Alors que le dollar était sur une pente baissière depuis 1 an, la situation crée un regain d’appétence en sa faveur. Dans le cas de l’EUR/USD et du strict point de vue de l’interaction macro/FX, un différentiel de croissance plus en faveur des États-Unis et l’effacement de la probabilité de baisses de taux de la Fed sont des facteurs de nature à soutenir le dollar US. De plus, une corrélation positive entre l’USD (en taux de change effectif réel) et le prix du Brent existe depuis que les États-Unis sont exportateurs nets d’hydrocarbures (2020). D’ailleurs, les devises d’autres pays producteurs de pétrole (comme le dollar canadien) ont également été soutenues depuis la flambée des prix du pétrole.
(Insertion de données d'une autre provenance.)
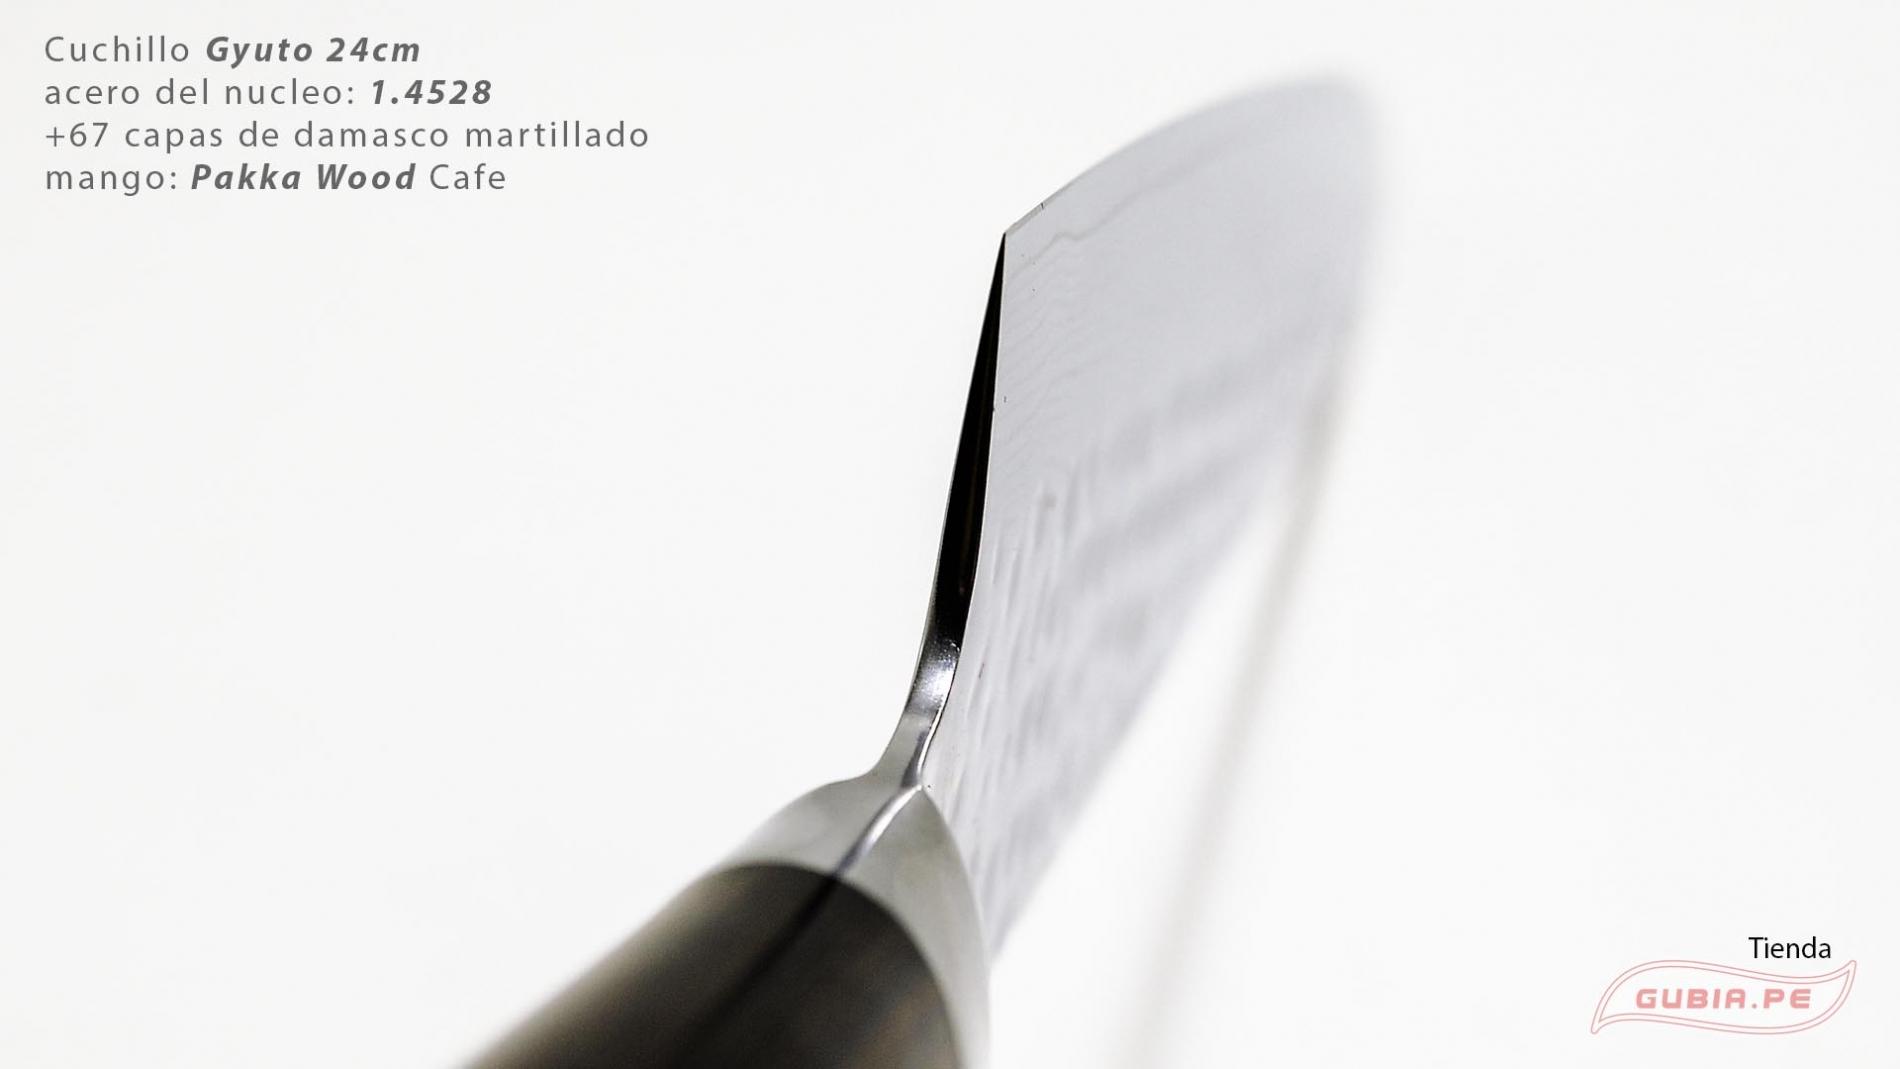 B1g24-Cuchillo Gyuto 24cm acero 1.4528+damasco Cafe B1g24-max-3.

L’ampleur de l’appréciation de l’USD est toutefois, pour le moment, limitée et elle devrait le rester en l’absence de perturbations plus durables (telles qu’envisagées dans le scénario 3).

[1]Pour la zone euro, le risque sur le GNL est supérieur au risque pétrolier. Même sans destructions significatives d’installations de GNL, le marché serait structurellement plus tendu en raison des stocks globalement limités (notamment en Asie dont le Qatar est un fournisseur majeur) et très bas en Europe. Par ailleurs, contrairement au pétrole, il n’existe pas d’alternative au GNL qatari (environ 20% de la production mondiale) à court terme, les autres exportateurs de GNL opérant déjà quasiment à pleine capacité. En cas de fermeture prolongée du détroit d’Ormuz, le marché asiatique entrerait en compétition avec le marché européen pour le GNL disponible. De plus, même si la durée du conflit était relativement courte, la période printemps automne est celle de la reconstitution des stocks en Europe, ce qui maintiendrait une certaine pression sur les prix en Europe. Enfin, l’Europe est la région importatrice qui dépend le plus du marché spot pour son approvisionnement en GNL, i.e. l’écart entre la demande et l’offre négociée par des contrats avec le producteur y est le plus important.

[2] En Malaisie, la hausse des prix de l’essence pourrait entraîner une augmentation des dépenses publiques comprise entre 0,6% et 0,8% du PIB (selon le scénario retenu). Mais le coût serait entièrement compensé par la hausse des dividendes perçus sur la compagnie publique pétrolière PETRONAS. En Indonésie, le gouvernement avait retenu une hypothèse conservatrice de USD70/baril dans son budget 2026. L’augmentation des prix du pétrole pourrait entraîner une dépense supplémentaire de 0,1% du PIB. En Inde, les subventions sur le gaz sont estimées pour l’année 2026/2027 à 0,04% du PIB. La hausse des prix ne constitue donc pas un risque pour les finances du pays.